Intelligent Automation & Soft Computing

Leveraging Convolutional Neural Network for COVID-19 Disease Detection Using CT Scan Images

Mehedi Masud*, Mohammad Dahman Alshehri, Roobaea Alroobaea and Mohammad Shorfuzzaman

Department of Computer Science, College of Computers and Information Technology, Taif University, P.O. Box 11099, Taif, Saudi Arabia
*Corresponding Author: Mehedi Masud. Email: mmasud@tu.edu.sa
Received: 12 January 2021; Accepted: 11 March 2021

Abstract: In 2020, the world faced an unprecedented pandemic outbreak of coronavirus disease (COVID-19), which causes severe threats to patients suffering from diabetes, kidney problems, and heart problems. A rapid testing mechanism is a primary obstacle to controlling the spread of COVID-19. Current tests focus on the reverse transcription-polymerase chain reaction (RT-PCR). The PCR test takes around 4–6 h to identify COVID-19 patients. Various research has recommended AI-based models leveraging machine learning, deep learning, and neural networks to classify COVID-19 and non-COVID patients from chest X-ray and computerized tomography (CT) scan images. However, no model can be claimed as a standard since models use different datasets. Convolutional neural network (CNN)-based deep learning models are widely used for image analysis to diagnose and classify various diseases. In this research, we develop a CNN-based diagnostic model to detect COVID-19 patients by analyzing the features in CT scan images. This research considered a publicly available CT scan dataset and fed it into the proposed CNN model to classify COVID-19 infected patients.
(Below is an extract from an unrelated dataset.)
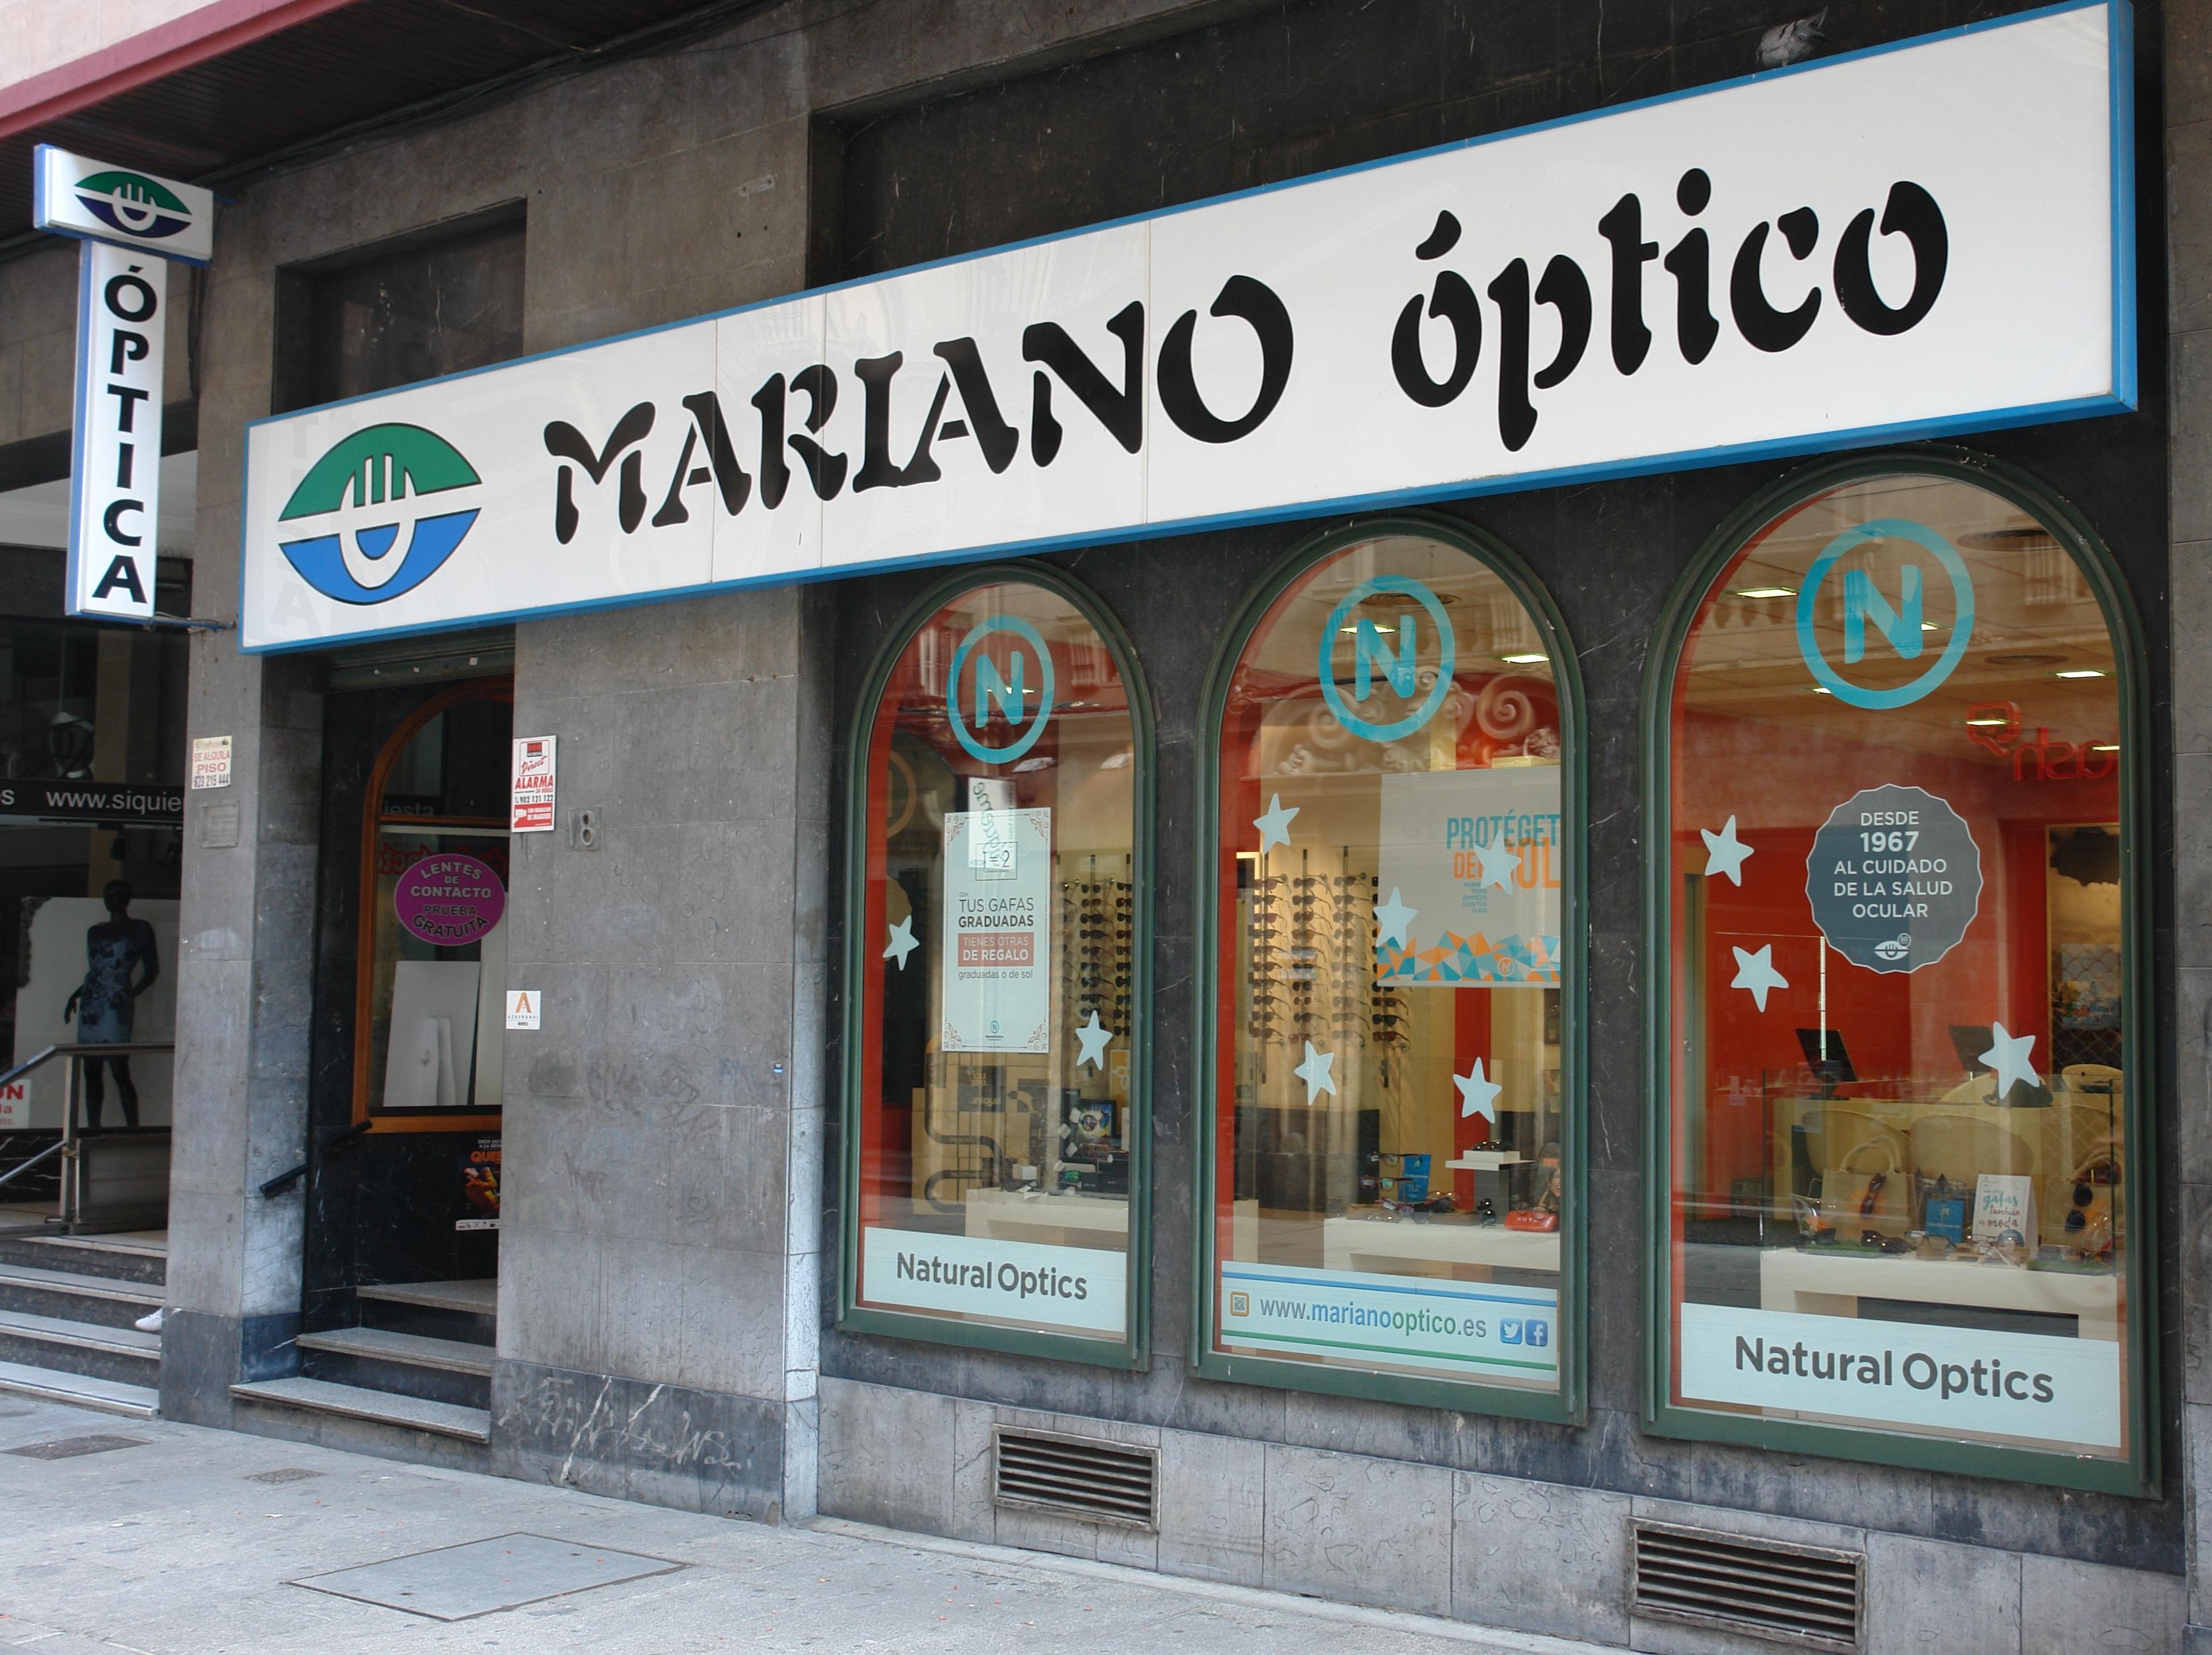 Mariano Óptico

The model achieved 99.76%, 96.10%, and 96% accuracy in training, validation, and test phases, respectively. It achieved scores of 0.986 in area under curve (AUC) and 0.99 in the precision-recall curve (PRC). We compared the model’s performance to that of three state-of-the-art pretrained models (MobileNetV2, InceptionV3, and Xception). The results show that the model can be used as a diagnostic tool for digital healthcare, particularly in COVID-19 chest CT image classification.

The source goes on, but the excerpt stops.